Do we need a new word for it? Your eyes
tell you a lot about the way light behaves. It
travels so fast that it seems instantaneous, about a hundred
and eighty six thousand miles or three thousand kilometers per second.
It blazes through air and space and laser like straight lines,
but it also bounces, reflects, and refracts, and when it

(00:46):
interacts with the right medium, like a camera lens, it
may curve. We know that it's made up of tiny
units that we call photons, and we know that the
term waves can describe its movements, but neither of these
words really encompass lights oddities. In ancient times, the Greeks
used philosophy to attempt to address light's wide range of behaviors.
Perhaps they thought light is actually composed of little bits

(01:08):
of stuff that bounced to and fro. The idea never
really caught on. Then, in the sixteen hundreds, French philosopher
Renee de Cart became convinced that light was essentially a wave,
one that moved through a mysterious substance that he called plenum.
Isaac Newton thought that light was a particle, but he
was at a loss for a way to explain many
of its properties, like the way it refracted and could
be split by a prism from a single beam of

(01:30):
white light into a rainbow of many colors of light.
This was largely before the rise of empirical studies in science,
wherein we attempt to answer questions about the world around
us by designing experiments that demonstrate well how stuff works.
Back in the day, science was a matter of philosophy,
people coming up with ideas about how stuff works and

(01:50):
basically arguing about the idea's merit to be fair. Our
modern microscopes, computers, and other equipment help. Just for example,
light's behavior becomes more evident depending on where you're observing it.
In the vacuum of space, light zips along at the
aforementioned a hundred and eighty six thousand miles or three
thousand kilometers per second.

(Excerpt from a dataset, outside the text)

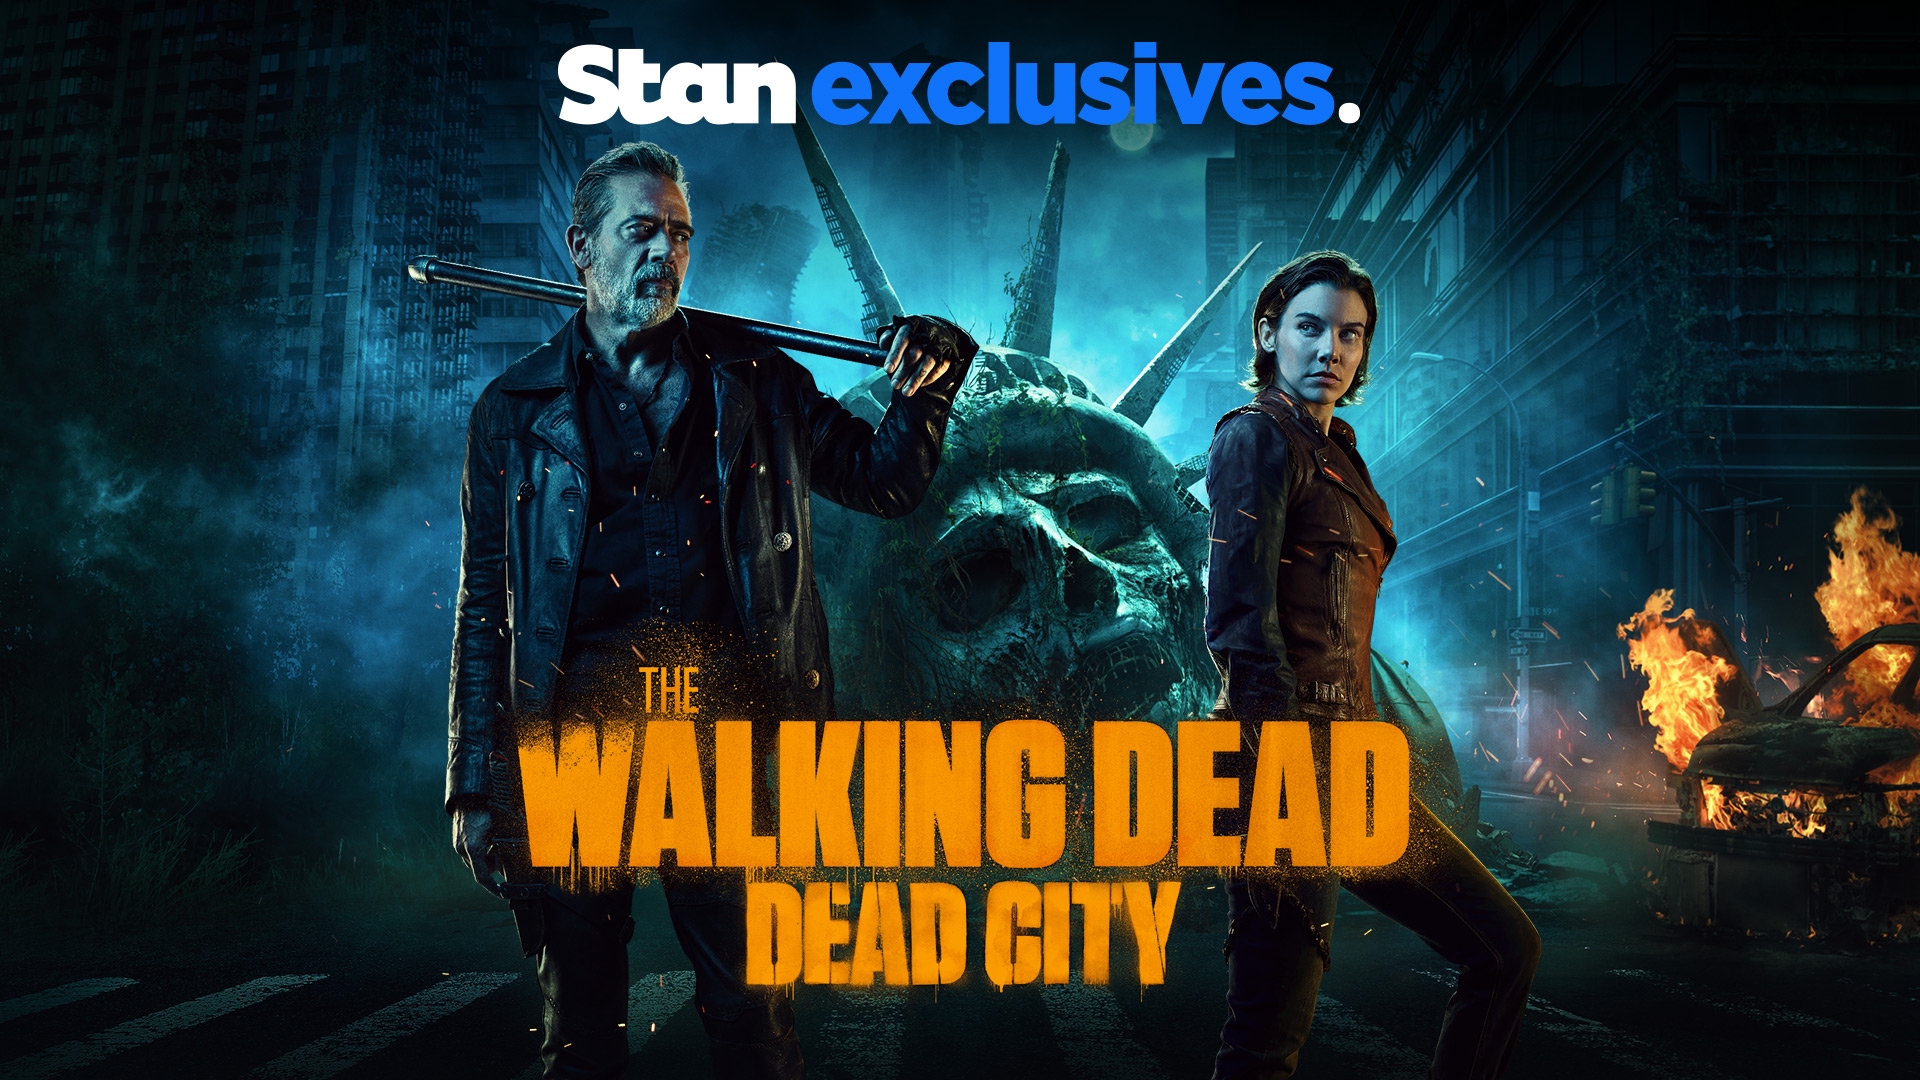 The Walking Dead: Dead City, Now Streaming

But point a beam of light

(02:12):
at a very dense bit of matter, say a diamond,
and it can slow to only around seventy seven thousand
miles or a hundred twenty four thousand kilometers per second,
much easier to observe relatively. To try to explain in
these are modern times, what light is, Let's first remember
some science basics. Waves are not a thing or a substance.

(02:32):
They're a property of a thing. A wave is a
compressing and stretching of a particular medium, like an ocean
wave that drives towards the shore or the ripple that
spreads out across the surface of a pond. When you
toss in a rock, you can see the waves with
your eyes, feel them with your body, and sometimes when
a sound wave happens in the air, you can hear
them with your ears. Particles, on the other hand, are

(02:54):
not quite so easy to define. A particle can be
a tiny bit of matter, a matter broken down on
into its smallest and most basic units. Water, for example,
is made up of countless particles particles that are affected
by waves. What's really happening when you watch a wave
in the ocean or a ripple in a pond is
that each particle or molecule in this case of water
is being moved, and thus the medium of the ocean

(03:17):
or pond is being compressed and stretched in sequence, and
we see waves. But light, as experiments have proven, also
consists of particles that we call photons that behave like waves.
Let's unpack that. There was a famous nineteenth century double
slit experiment in which researchers beamed light through two slits
and observed the way the light struck a screen behind

(03:39):
the slits. What they saw was that the streams of
light affected each other like two hands splashing water in
the same sink, as if they were waves interfering with
one another. But then in the twentieth century, scientists began
their pioneering explorations into sub atomic particles like neutrons and electrons.
Albert Einstein wondered what would happen if you admitted light
one photon at a time. In the double slit experiment,

(04:03):
what scientists saw dumbfounded them. The single photons went individually
through the slits, but the way that they struck the
screen over time showed the same interference pattern that occurred
with full scale beams of light streaming through both slits.
This behavior can't be explained by the physics we use
to describe particles and waves in the macro world around us.
It's in the realm of quantum mechanics, the physics theories

(04:25):
that describe what goes on at the very smallest sub
atomic levels and which we humans still don't really understand.
So ultimately, if you want to answer the question what
is light, you could call it both a particle and
a wave and you'd be correct. But as for fully
explaining why and how it works, we're still working on it.

(04:48):
Today's episode was written by Nathan Chandler and produced by
Tyler Clang for i Heeart Media and How Stuff Works.
To learn more about the weird behavior of light and
the history of how humans have thought about it, check
out our sister podcast, Daniel mclae explained the universe. Their episode,
Is Light, a Particle or a Wave goes into lots
more details, and of course, for more on this and
lots of other lighthearted topics, visit our home planet How

(05:10):
Stuff Works dot com.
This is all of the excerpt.